» **Problem to work on**: From the first line onward, reproduce the records exactly; the final line to include is the one holding "Tailored-Fit Navy Panama".

(Collection entries)
--- START ---

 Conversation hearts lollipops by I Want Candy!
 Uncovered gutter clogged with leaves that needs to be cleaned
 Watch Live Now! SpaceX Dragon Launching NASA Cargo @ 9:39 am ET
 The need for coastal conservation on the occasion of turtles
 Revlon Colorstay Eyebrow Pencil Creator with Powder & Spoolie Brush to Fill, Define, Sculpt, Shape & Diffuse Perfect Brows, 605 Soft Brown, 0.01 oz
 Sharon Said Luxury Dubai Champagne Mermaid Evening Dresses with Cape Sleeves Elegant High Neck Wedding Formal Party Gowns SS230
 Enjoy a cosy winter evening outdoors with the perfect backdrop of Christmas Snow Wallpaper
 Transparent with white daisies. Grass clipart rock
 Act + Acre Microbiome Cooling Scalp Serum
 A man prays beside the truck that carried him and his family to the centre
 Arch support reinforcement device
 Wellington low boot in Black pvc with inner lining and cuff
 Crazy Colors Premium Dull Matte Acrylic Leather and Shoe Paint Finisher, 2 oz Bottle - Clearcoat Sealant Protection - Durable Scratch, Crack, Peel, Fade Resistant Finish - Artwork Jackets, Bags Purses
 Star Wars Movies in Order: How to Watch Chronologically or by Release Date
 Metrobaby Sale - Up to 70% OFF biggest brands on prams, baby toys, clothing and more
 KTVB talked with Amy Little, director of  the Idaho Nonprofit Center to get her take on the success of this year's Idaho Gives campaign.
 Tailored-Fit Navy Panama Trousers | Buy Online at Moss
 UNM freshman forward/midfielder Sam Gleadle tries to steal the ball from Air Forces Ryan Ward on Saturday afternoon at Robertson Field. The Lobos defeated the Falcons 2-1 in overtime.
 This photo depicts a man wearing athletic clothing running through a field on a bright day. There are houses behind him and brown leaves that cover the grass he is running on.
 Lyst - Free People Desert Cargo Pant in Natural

--- END ---

» **Answer below**:
 Conversation hearts lollipops by I Want Candy!
 Uncovered gutter clogged with leaves that needs to be cleaned
 Watch Live Now! SpaceX Dragon Launching NASA Cargo @ 9:39 am ET
 The need for coastal conservation on the occasion of turtles
 Revlon Colorstay Eyebrow Pencil Creator with Powder & Spoolie Brush to Fill, Define, Sculpt, Shape & Diffuse Perfect Brows, 605 Soft Brown, 0.01 oz
 Sharon Said Luxury Dubai Champagne Mermaid Evening Dresses with Cape Sleeves Elegant High Neck Wedding Formal Party Gowns SS230
 Enjoy a cosy winter evening outdoors with the perfect backdrop of Christmas Snow Wallpaper
 Transparent with white daisies. Grass clipart rock
 Act + Acre Microbiome Cooling Scalp Serum
 A man prays beside the truck that carried him and his family to the centre
 Arch support reinforcement device
 Wellington low boot in Black pvc with inner lining and cuff
 Crazy Colors Premium Dull Matte Acrylic Leather and Shoe Paint Finisher, 2 oz Bottle - Clearcoat Sealant Protection - Durable Scratch, Crack, Peel, Fade Resistant Finish - Artwork Jackets, Bags Purses
 Star Wars Movies in Order: How to Watch Chronologically or by Release Date
 Metrobaby Sale - Up to 70% OFF biggest brands on prams, baby toys, clothing and more
 KTVB talked with Amy Little, director of  the Idaho Nonprofit Center to get her take on the success of this year's Idaho Gives campaign.
 Tailored-Fit Navy Panama Trousers | Buy Online at Moss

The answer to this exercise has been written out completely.